It has been 10 days since my last post. Obviously, if you read the last two posts, you may have guessed that my life has been a little on the crazy side as of late. I really can’t get into all the details of what occurred that day…for multiple reasons. I can tell you that we are all OK. And it was the scarriest thing that has ever happened to me.
We spent a week on the houseboat. It was difficult to feel safe and comfortable at the house. We have been back at the house now for about three or four days. Still not feeling completely great about that, but it is bearable and it was necessary for us to take that step. Blain was already sick with a nasty virus the day this occured and had been at home in bed with a fever when it all started. He continued to be sick for several days after it all, but is feeling back to normal. Now me and the girls have it. We have been down for a few days, Tal having the worst time of it. I haven’t been able to get her fever down below 99 at all today. Poor thing looks pathetic. But, we did go to the Dr this morning to get them some meds, so hopefully we can all get back to normal.

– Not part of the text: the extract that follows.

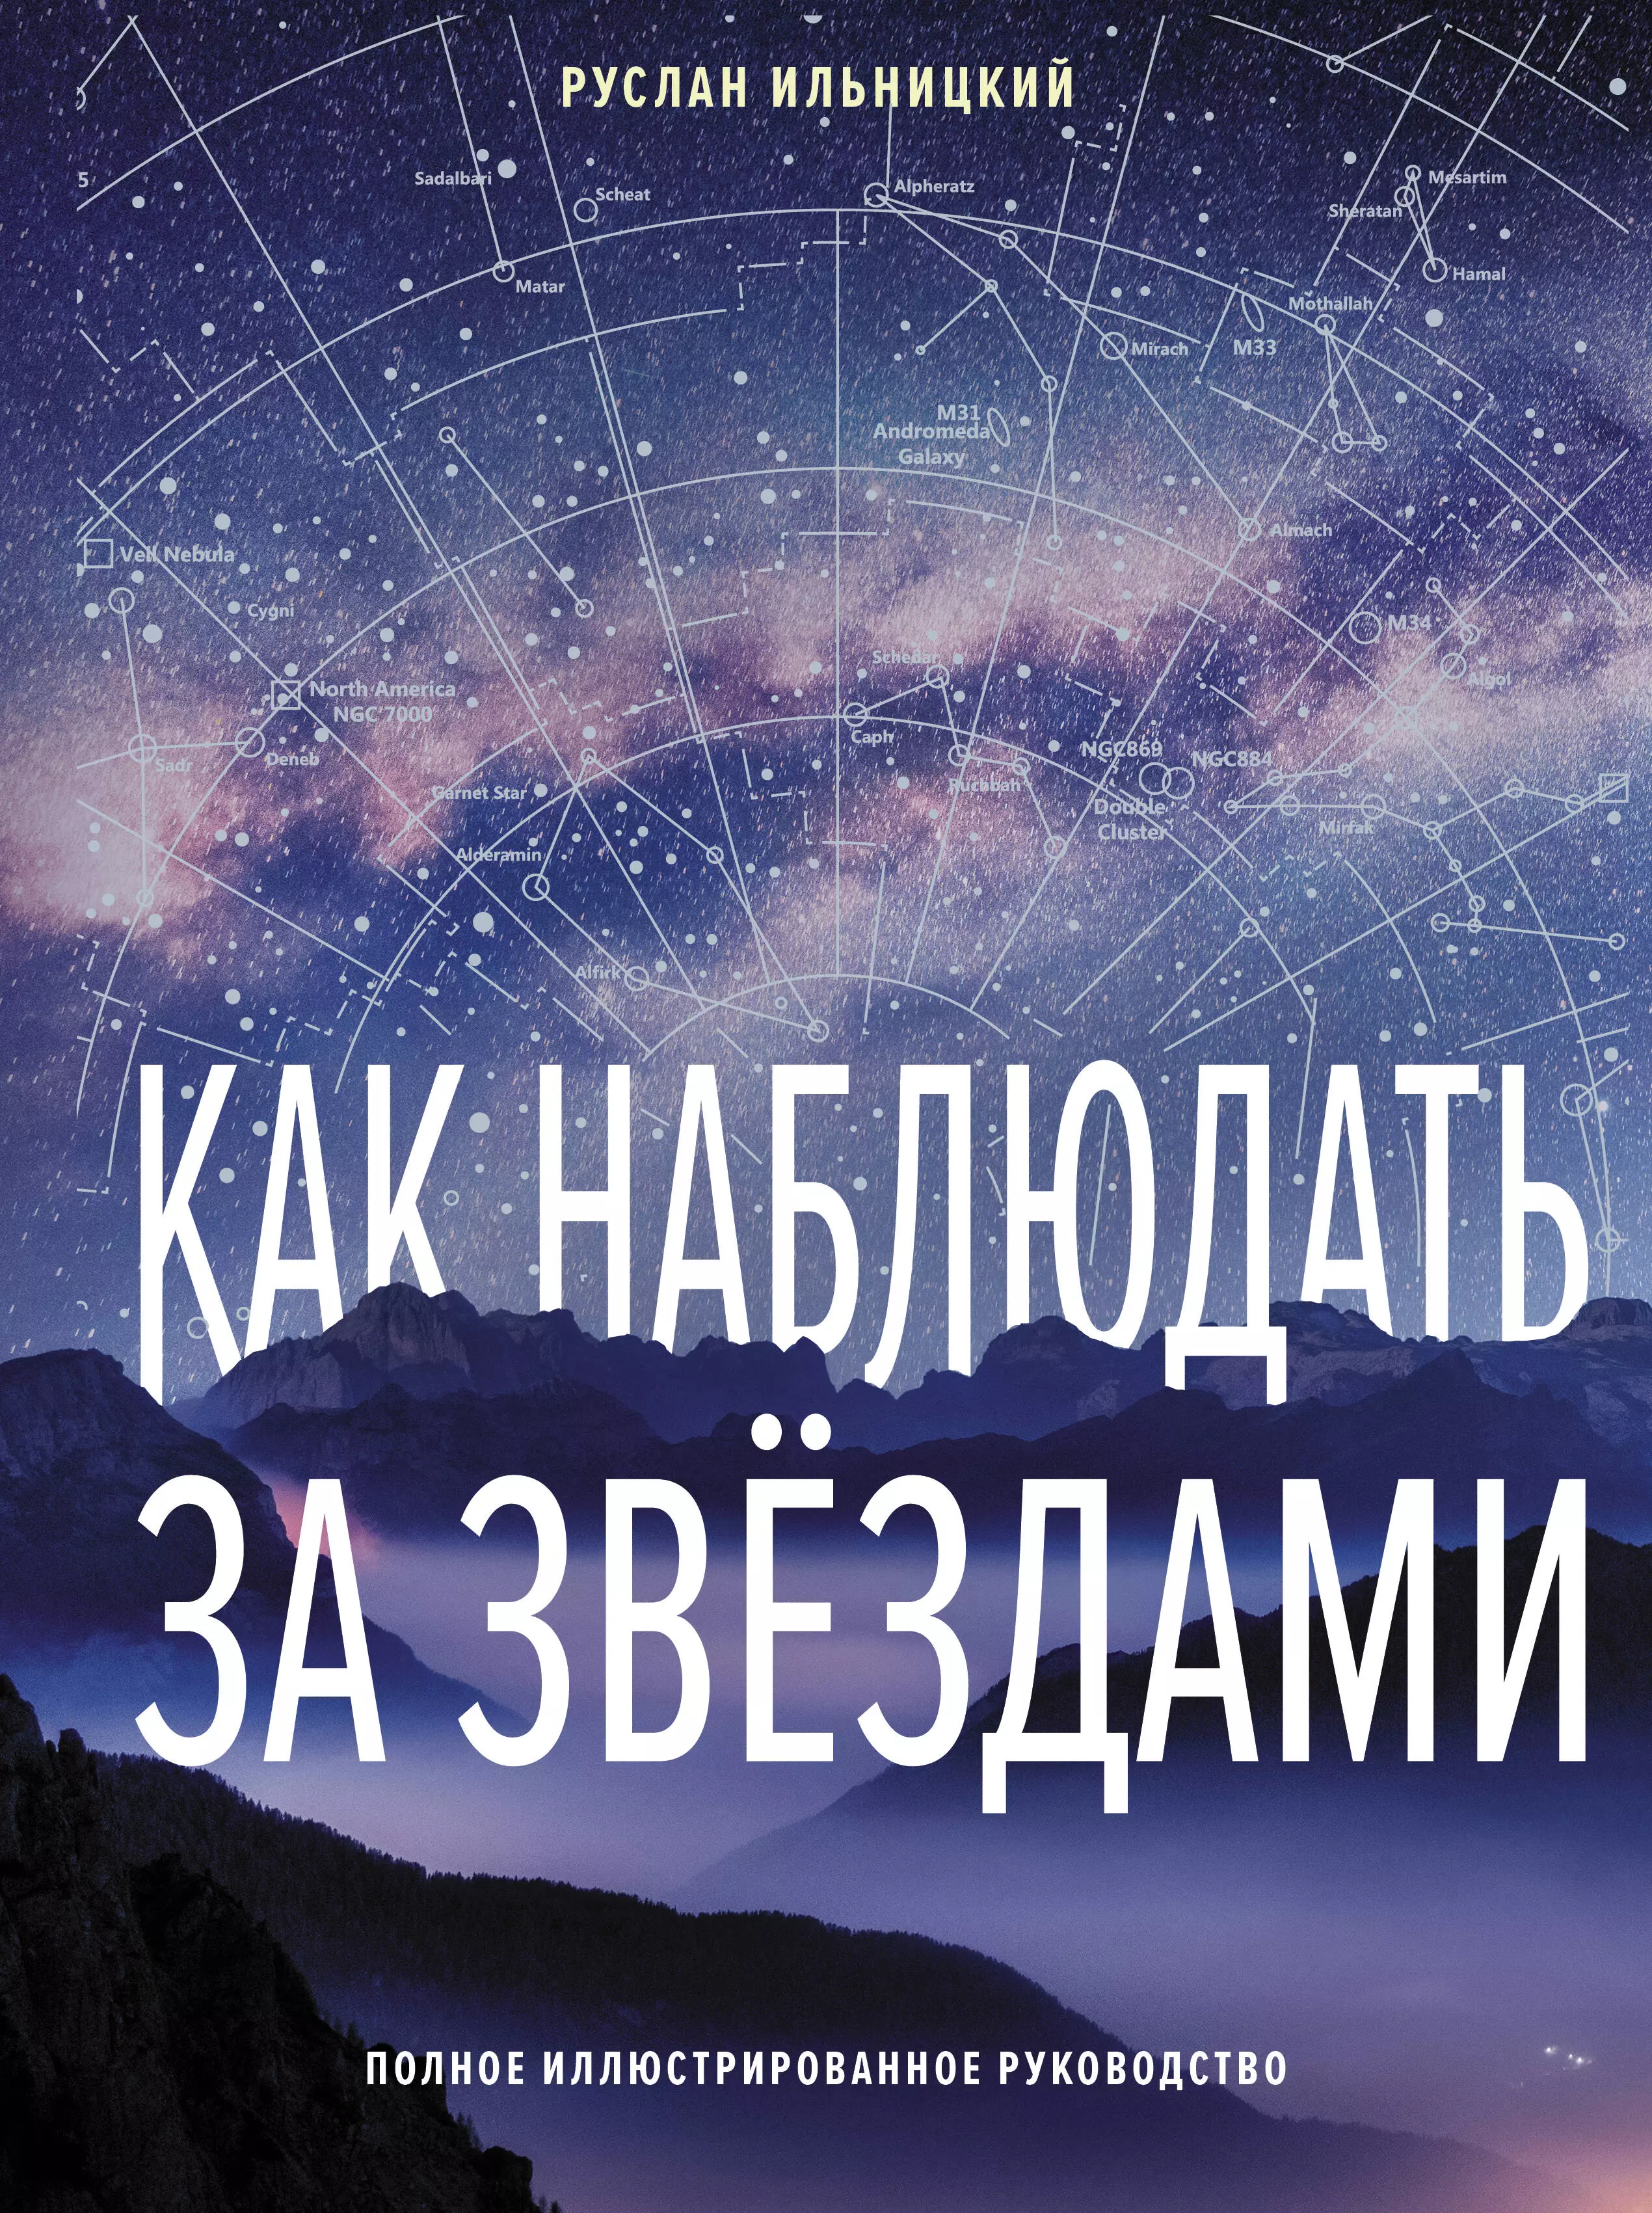 Ильницкий Руслан Владимирович Как наблюдать за звёздами. Полное иллюстрированное руководство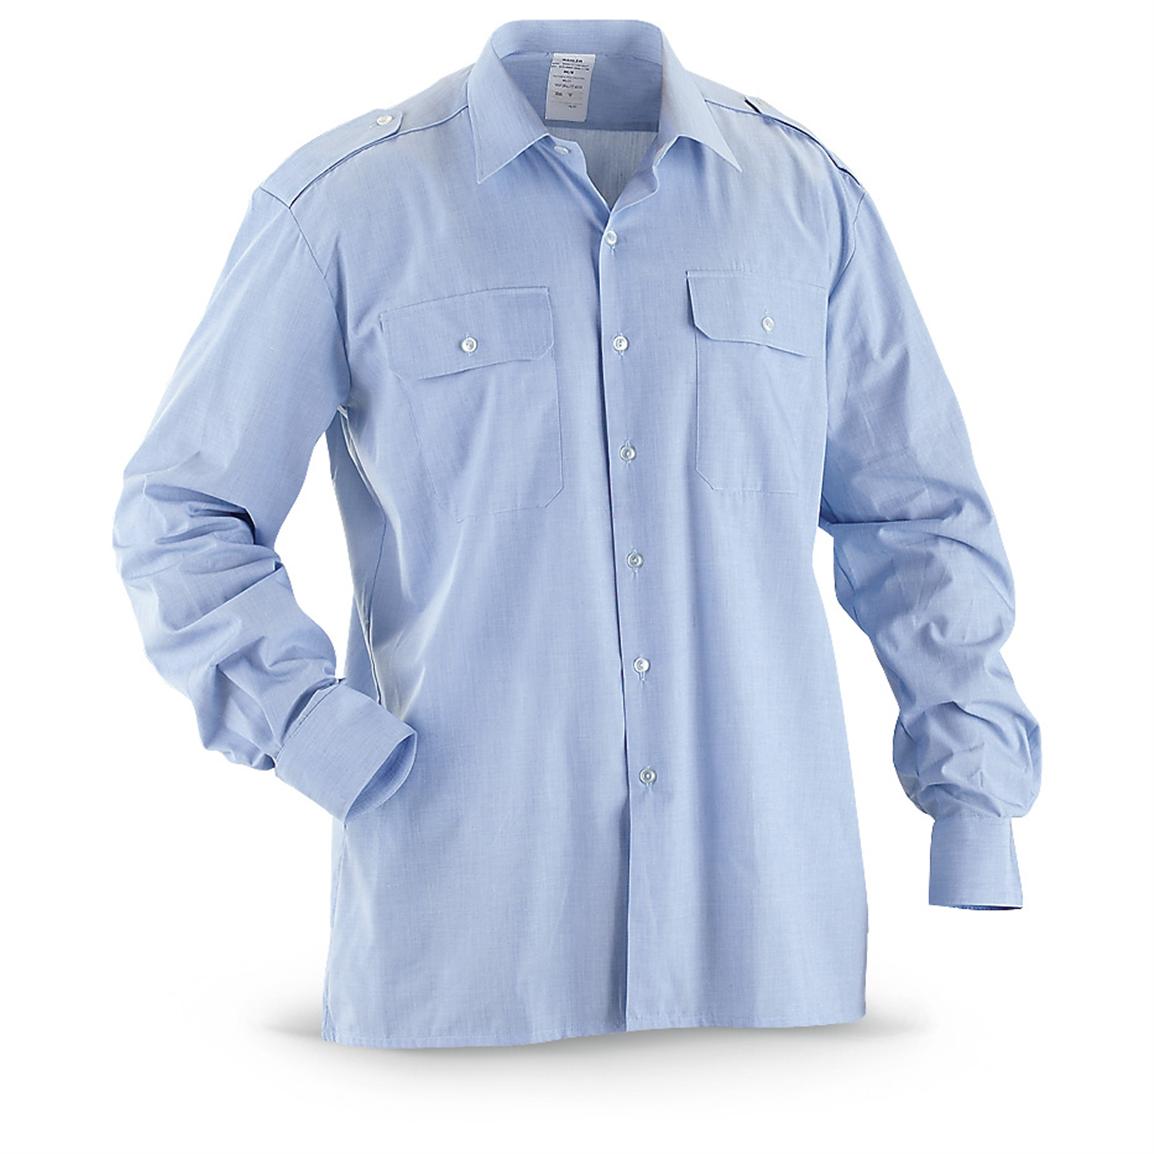 Light Blue Uniform Shirt 99

For the most part, the girls handled this all pretty well. Being on the houseboat and away from everyone for that week was probably the best thing we could have done for ourselves. They were nervous about coming back to the house too, but have adjusted back to life much better than I thought they would.
Of course, everyone in and around the shop gossiped their asses off about it. There must be 20 different versions of the story going around, none of them completely true. Yet, another good reason for hanging at the houseboat. That way we could talk only to the people we wanted to talk to and the rest would just have to get over it.
I really want to thank our close friends and family for being so supportive. We were offered at least five places to stay. Several people offered to watch the girls for us or give us help with picking them up or taking them to school or cheer or what have you. Many others were just there to listen because we needed to talk to people, to help us understand all of this. Many have contacted us repeatedly over the past two weeks to make sure we were still OK. They always say that in times of need and crisis you really find out who your true friends are and who really has your back. We definitely found out and it is so comforting to know that we have a pretty good support system. It also opened up our eyes to who needed to be weeded out of our lives for good. Luckily, there were only a few.
Due to this whole incident, I was finally forced to deal with the fact that I am mental an overly anxiety ridden person. I have actually known if for some time, really years, but I just never wanted to fully admit it and get treatment. I have seen a Dr now and have been diagnosed with generalized anxiety disorder. I have since done copius amounts of research and have figured out that I have panic disorder as well, which is common with anyone with anxiety disorder. I am being treated with meds right now, but feel that this is a short term solution until I can figure out how to deal with it, without the meds. Not sure how that will happen, but I’m sure I’ll figure that out later. The meds are probably the only thing that could have helped me get back into the house initially. (BTW we are looking for a new place, ’cause I ain’t staying here for too much longer, it’s just too uncomfortable.) This also answers many questions about the insomnia cycles.
I want to especially thank my mom and sisters for being so great. You ma sissah!! They all hung on the phone for hours with me, called to make sure I was OK and told me I wasn’t a lunatic, just a little bit crazy with the anxiety. I feel sorry for anyone out there with no sisters because you are missing one of the best relationships you can have on this crazy planet, there is just nothing like sisters! I am grateful that I was able to call my Mommy, because even at 37 I still need her. I love you all more than you could ever know.
Also, I want to especially thank my friend (ya know I love ya hooker!) who is just about as mental as I am. She has this anxiety too, but understands it much better than I do and has taught me so much. She has no idea how much she has helped me through this and made me feel stronger through her strength. So, thank you from the bottom of my heart, you are a true and trusted friend. It’s good to know that I am not the only crazy one.
Most of all thank you Blain! Some one told me how lucky I was because most wifes don’t know for certain if their husband will be there and able to protect them if the situation arises. I am lucky! I do know! And I love you for it!
Now it’s time to get back to normal!

September 18th, 2007 at 12:07 am
im happy to know that everything is starting to get back to normal! you know if you ever need to talk i am here for you. i love you!!!!!!